Scoble claims that the MS Word team finally generates clean html. I’ll believe it when it passes checks at http://badpage.info with no warnings or errors.

It will be nice for people to actually care about web standards.  The web 2.0 people have to because bad dom’s leads to broken javascript.  But so many large websites are still awful.

So I’ve met the queen of the VC’s

Wednesday, May 10th, 2006

of Seattle and she was very helpful and a lot of fun to talk with. Wish we had more time.

Now I’ve got a huge list of names to follow up with.

How to pick a startup idea

Thursday, May 4th, 2006

Something that was clear from Startup School was what kinds of ideas seem to take off.  A few things I’m looking for:

  • It should change basic user behavior – like Flickr has become the way to share photos on the web.
  • It must be “head slapping easy” to use.
  • It must encourage formation of a community.
  • It must provide embeddable content and thus be viral- like Flickr photos on a blog.
  • It should be hackable/employ web services, like google maps.
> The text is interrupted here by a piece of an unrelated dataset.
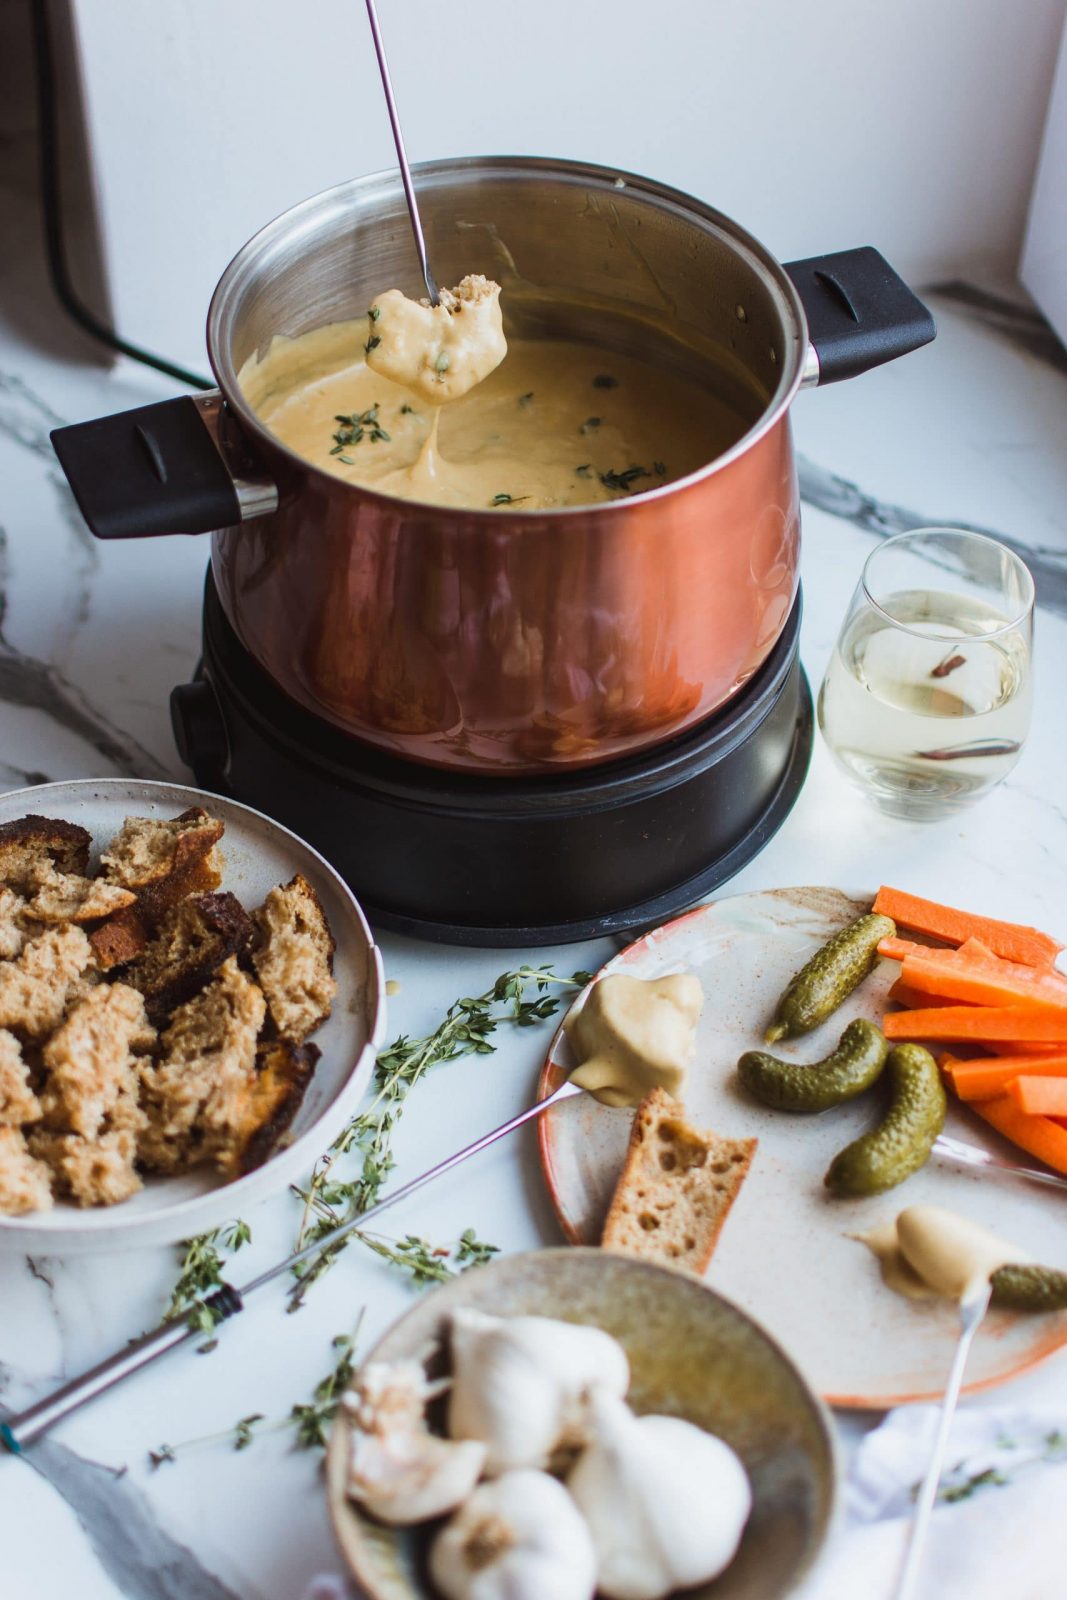 15 AMAZING Fondue Recipes for the Ultimate Evening In - The Cards We Drew

Thinking, thinking, thinking.  I’ll be talking to lots of people in the next couple weeks.  Keeping those things in mind.

Too many choices

Friday, April 28th, 2006

This weekend I can

1) Go to Seattle Mind Camp again and meet Scoble, Winer, and lots of otheres
2) Go to Smalltalk Solutions and hear about how Avi and Andrew launced DabbleDB
3) Go to Stanford and do Startup School.

I choose 3. Tough choice. Of course, there was nothing going on last week, or next week. I wish these people would coordinate.

Based on the BS review I got from my very clueless manager yesterday, I’m pretty ready to chuck that and join something new and interesting.